L’enfant et l’adolescent
Les idées admises concernant l’enfant étaient des plus défavorables sous l’Ancien Régime. Nul doute pour nos ancêtres du XVIIe siècle classique, l’enfant est une petite brute sale, vicieuse, ignorante et menteuse. Bossuet : « L’état de l’enfance est le plus vil et le plus abject de la nature humaine après celui de la mort. » Pour en faire un bon chrétien et un digne sujet du roi, il faut enfermer l’enfant dans un internat où des religieux ne parlant que le latin le soumettront à un régime qui s’apparente à ce qu’on appellera plus tard un lavage de cerveau. Il sortira de là « éduqué », « morigéné » et en état de se produire en société.
L’avènement de la bourgeoisie au XVIIIe siècle et l’œuvre de ses « philosophes » Diderot et Rousseau vont renverser tout cela. Pour les classiques, seule la société est bonne, et elle se doit de modeler en l’enfant la nature qui est primitivement mauvaise. Pour Rousseau, au contraire, la nature est foncièrement bonne mais la société la pervertit. Tel est le point de départ de son livre majeur, Émile (1762).
Il y développe l’idée que l’enfant n’est pas un adulte en puissance, une promesse d’avenir, une « rose en bouton », mais un être d’ores et déjà parfait, épanoui, adulte en somme. « Nous avons souvent ouï parler d’un homme fait, mais considérons un enfant fait : ce spectacle sera plus nouveau pour nous et ne sera pas moins agréable. »

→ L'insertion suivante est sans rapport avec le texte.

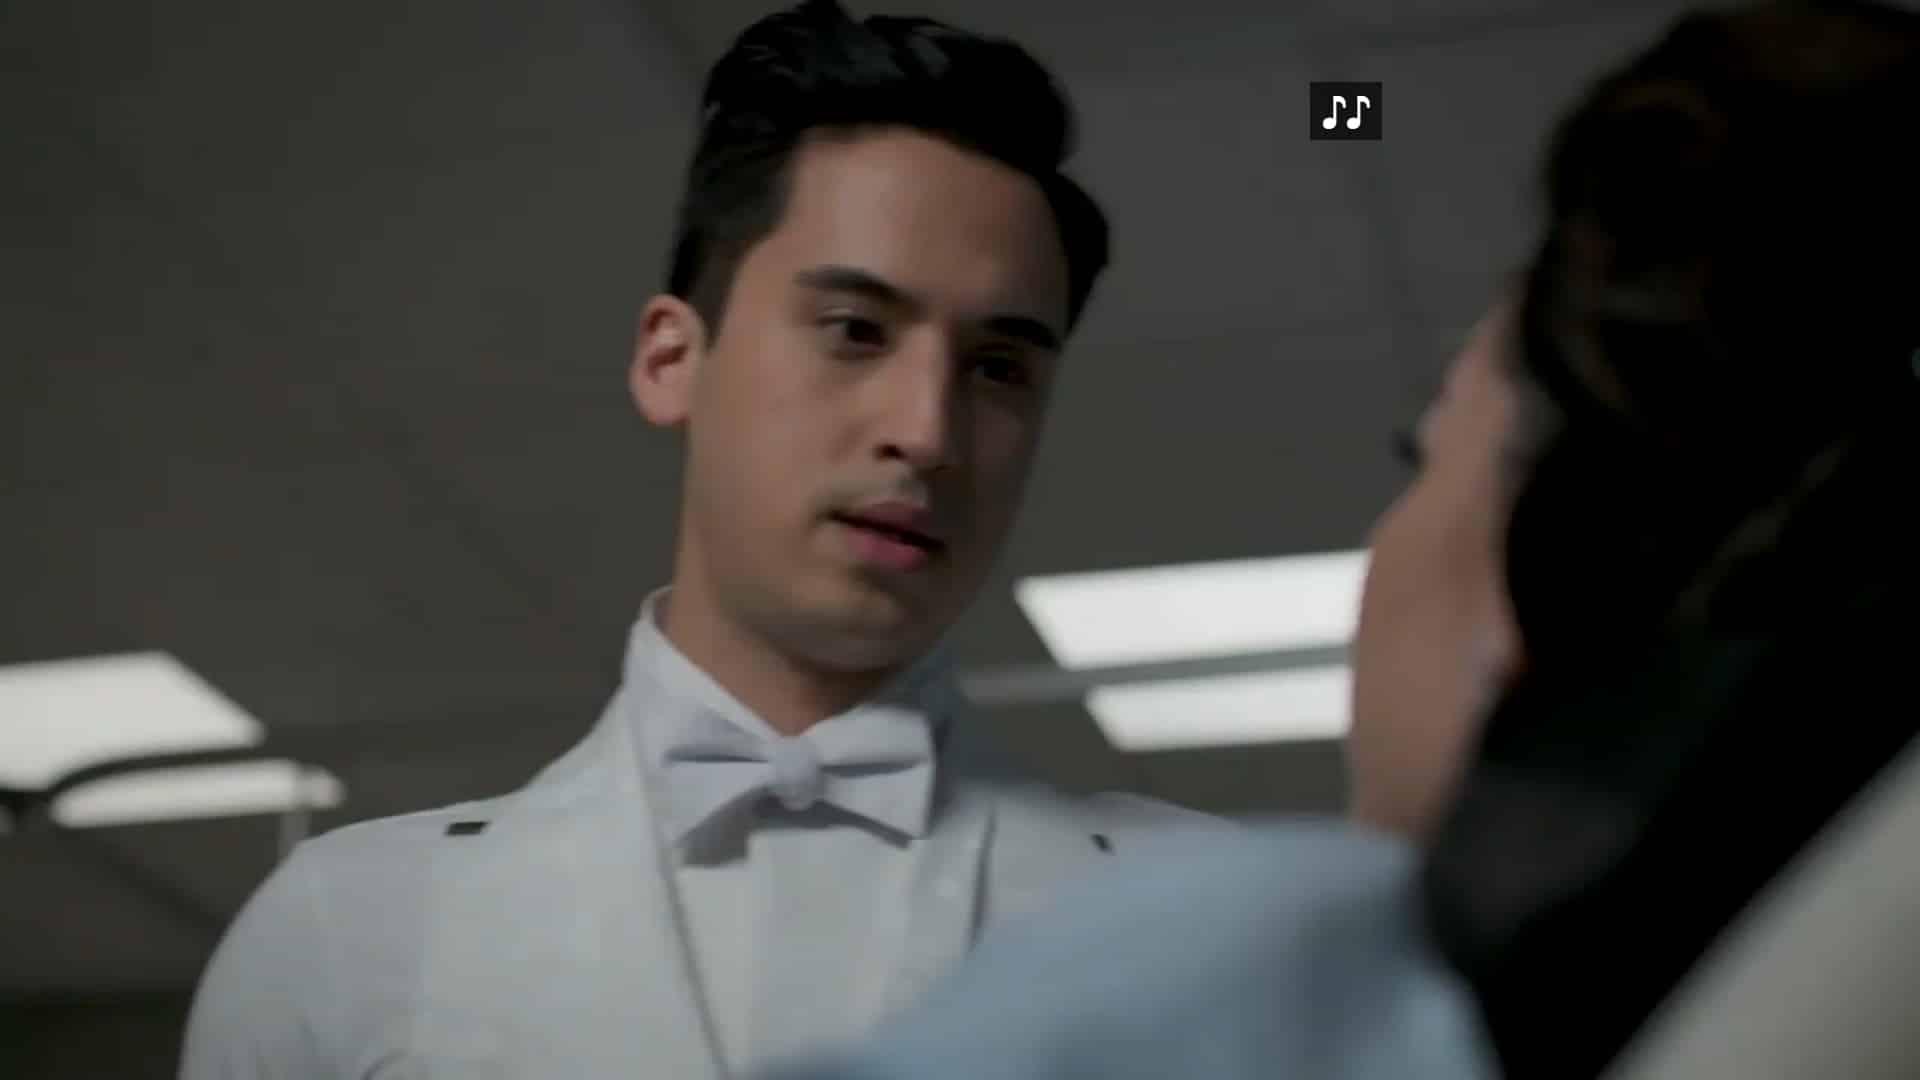 Leo (Michael Hsu Rosen) worried about his dancing partner, Maya

L’enfant « adulte » de Rousseau a douze ans, et présente un état de bonheur et d’équilibre idéal. État menacé hélas par une sorte de décrépitude qui s’appelle la puberté. Et Rousseau qui redoute cette catastrophe évoque une campagne idyllique « dans le Valais et même en certains cantons montueux de l’Italie, comme le Frioul, où l’on voit des grands garçons forts comme des hommes ayant encore la voix aiguë et le menton sans barbe, et de grandes filles, d’ailleurs très formées, n’avoir aucun signe périodique de leur sexe ».
Car l’adolescence, c’est bien sûr, d’abord, l’irruption brutale de la sexualité dans l’innocence enfantine, une sexualité forcément malheureuse, puisque la société ne lui donne aucune forme de satisfaction possible.
L’adolescence, c’est la contestation de l’ordre établi et la révolte contre la société des adultes. Une enquête a été faite sur les options politiques des jeunes. En majeure partie, les enfants sont conservateurs. Ils croient que la société a du bon. Dans la Révolution française, ils voient surtout la Terreur qu’ils condamnent. Les adolescents, au contraire, se situent à gauche et considèrent la Révolution comme une œuvre de justice et de libération.
La condition des adolescents n’est pas sans danger. Elle est menacée par la drogue, le suicide, la petite délinquance et les accidents des « deux-roues ». On meurt à tous les âges. Mais les statistiques montrent que c’est à onze ans que l’on meurt le moins. Les faiblesses de la petite enfance sont surmontées et les dangers de l’adolescence ne sont pas encore intervenus. À seize ans, la courbe des décès accuse une augmentation brutale.
La littérature enfantine peut être parfois d’une extrême noirceur (Perrault, Ségur, Hergé, les BD). Elle ne met pourtant pas en question la société qui y apparaît comme un milieu naturel inéluctable, au même titre que la forêt ou la mer. De leur côté, les auteurs des adolescents (Rimbaud, Conrad, Boris Vian) invitent moins à la révolution qu’à l’évasion et au voyage initiatique.
CITATION
La diane chantait dans les cours des casernes
Et le vent du matin soufflait sur les lanternes.
C’était l’heure où l’essaim des rêves malfaisants
Tord sur leur oreiller les bruns adolescents.